COMPARING DEGREE OF MORPHOLOGICAL CHANGE ACROSS MARINE MAMMAL AND REPTILE GROUPS: INVESTIGATING THE INFLUENCE OF ANCESTRAL TERRESTRIAL ANATOMY ON THE LAND-TO-SEA TRANSITION

The secondarily aquatic, or land-to-sea transition is a major transition in vertebrate evolution. Numerous terrestrial amniote clades with differing terrestrial functional anatomy entered aquatic environments, but whether ancestral terrestrial posture and locomotion, which are key functional differences in terrestrial animals especially between mammals and “reptiles,” may have facilitated or constrained certain aquatic locomotory types for animals that transitioned from land to sea has not been addressed. To explore this question, I selected transition-spanning taxa and terrestrial outgroups from extinct and extant secondarily aquatic amniote groups: mosasaurs, cetaceans, sauropterygians, pinnipeds, sea turtles, and sirenians. Using 2D geometric morphometrics and linear measurements of the shoulder and pelvic girdles, limb bones, and axial column proportions and regional vertebral differences, these posture and locomotion related anatomical regions were compared across chosen groups; to explore if any clades have comparatively less or greater change between early transitioning and derived members relative to other clades, and if the degree of morphological change aligns with ancestral terrestrial posture and locomotion and derived aquatic swimming style.
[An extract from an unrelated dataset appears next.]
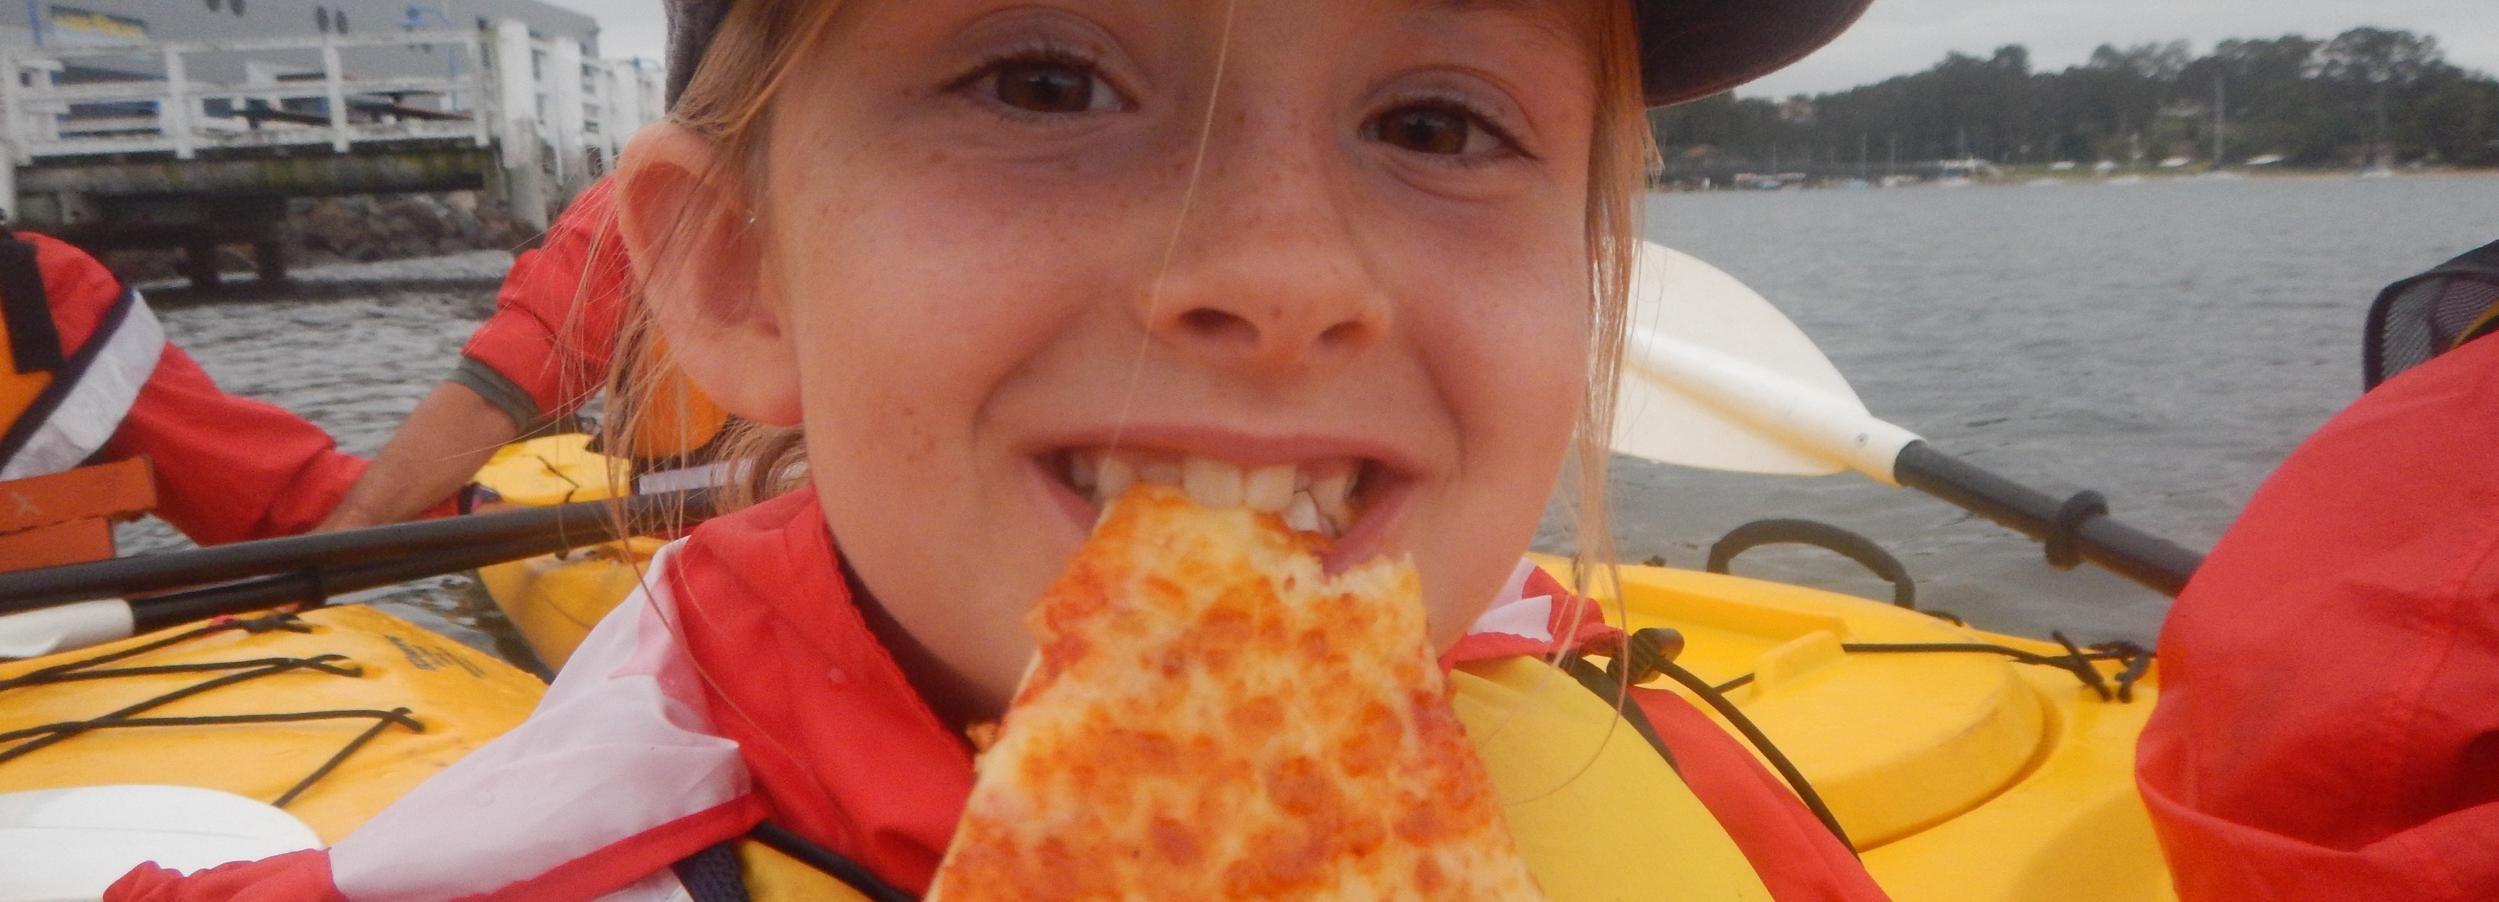 Pizza Paddle - Dinner Kayak Tour in Batemans Bay
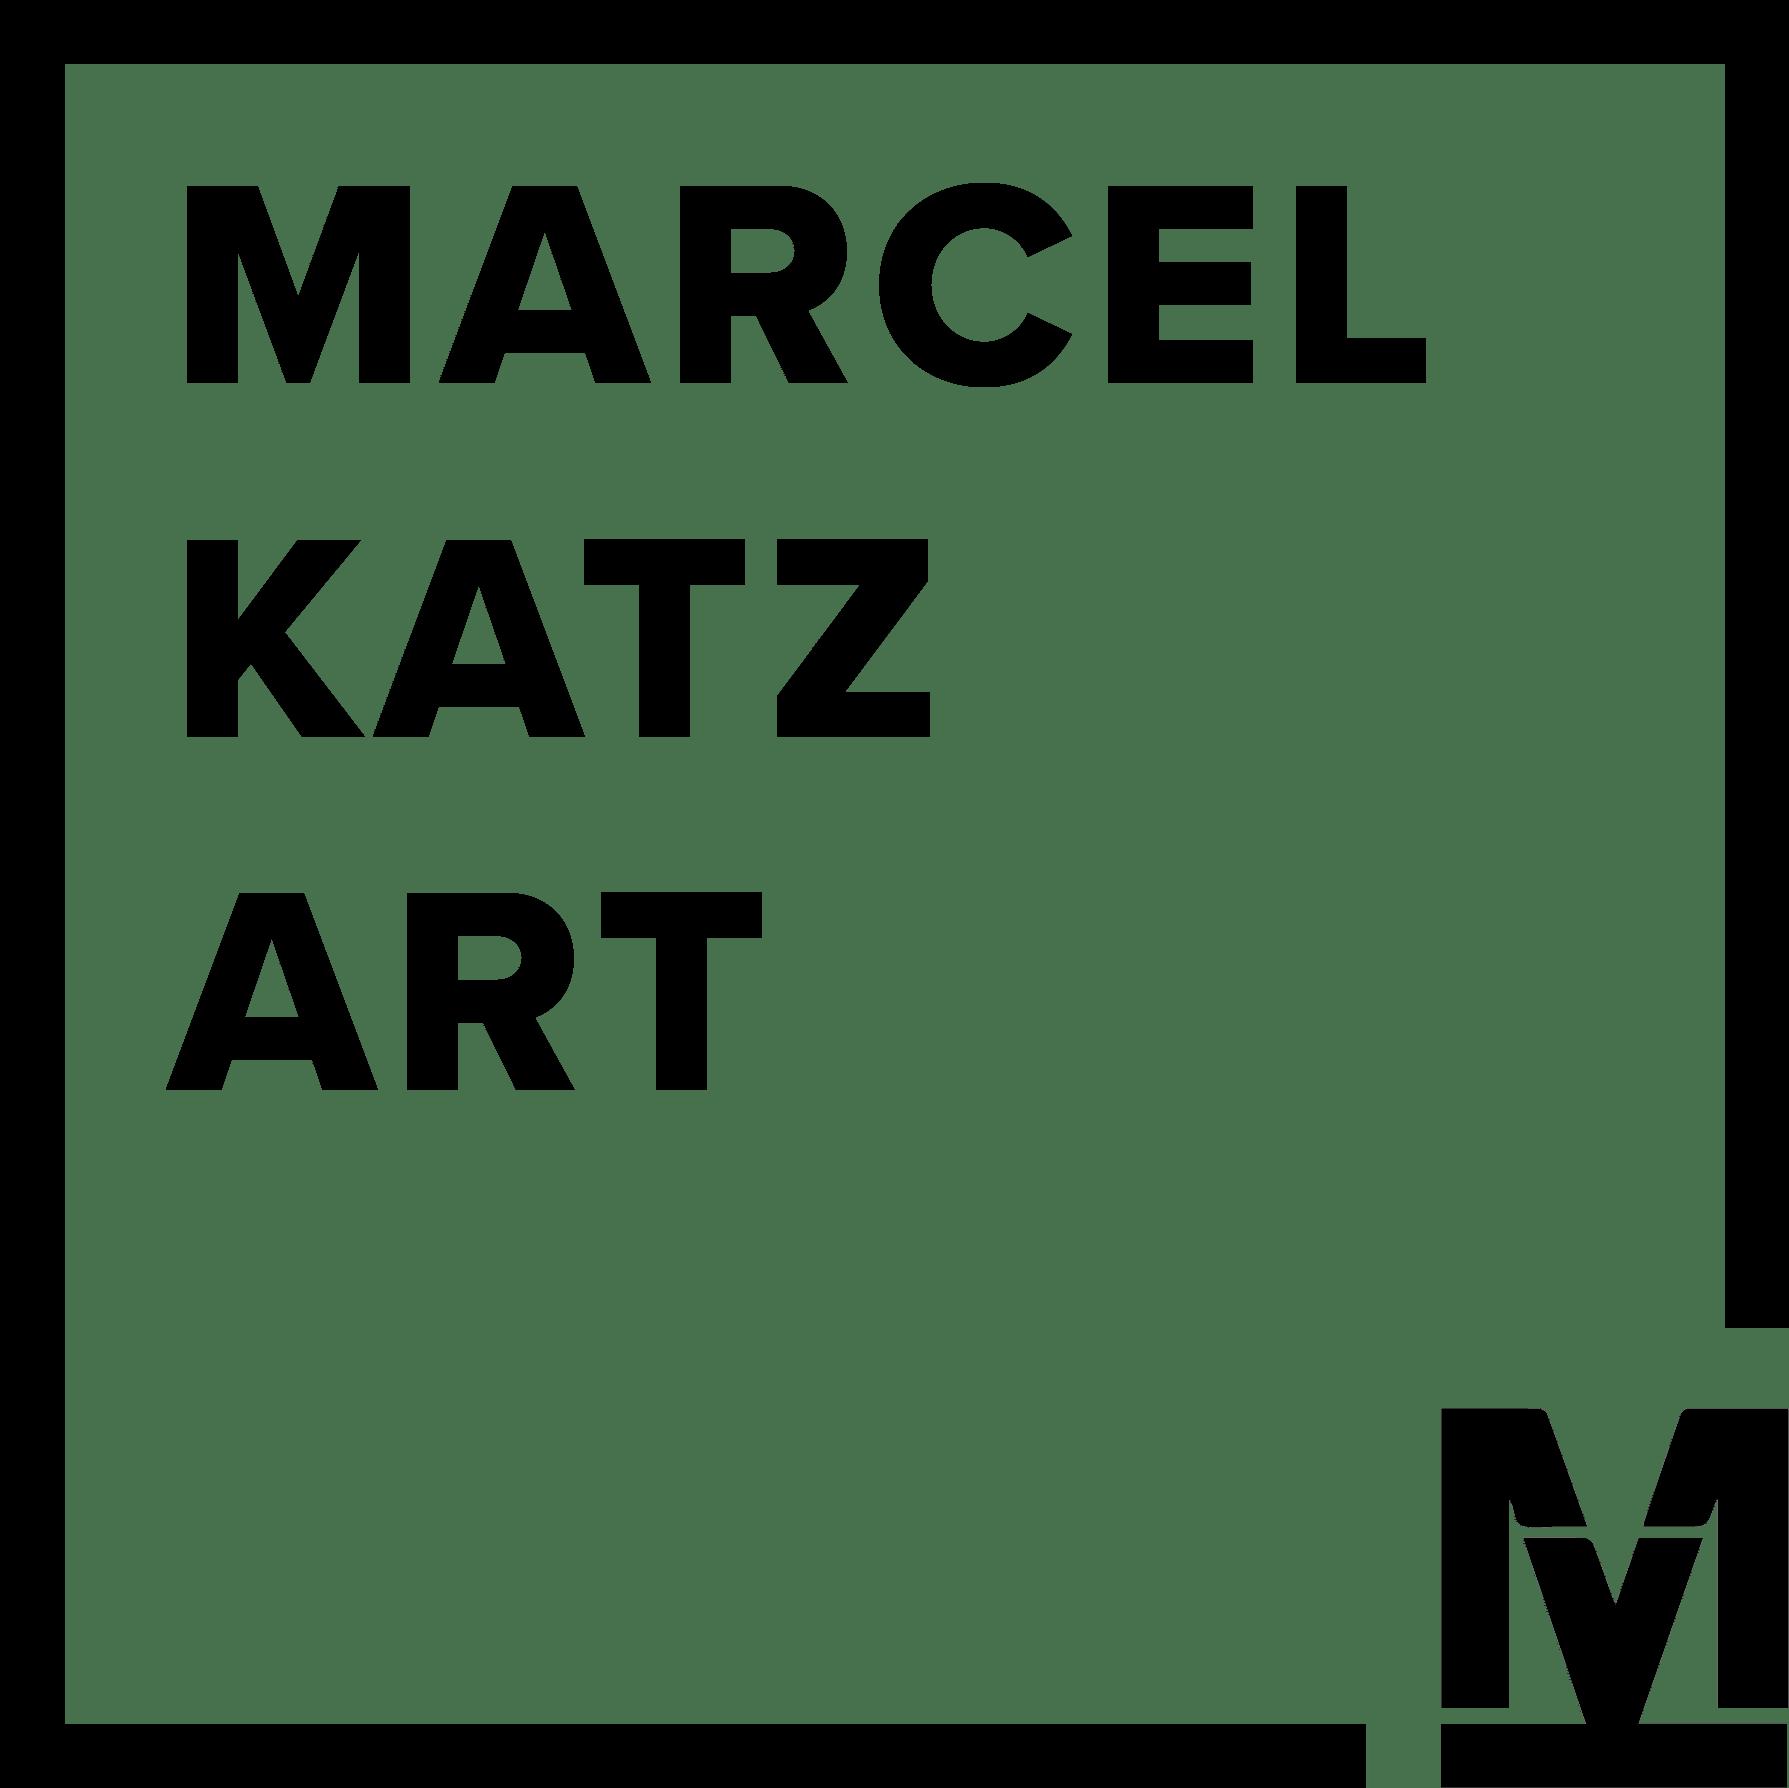 Marcel Katz Art company logo

By comparing degree of morphological change within regions of anatomy that are relevant to posture and locomotion across multiple secondary aquatic clades, which have different ancestral terrestrial posture styles, I can assess if this morphological change is perhaps driven by these functional differences. Such patterns would demonstrate that there are existing functional controls which can control the trajectories of major evolutionary transitions.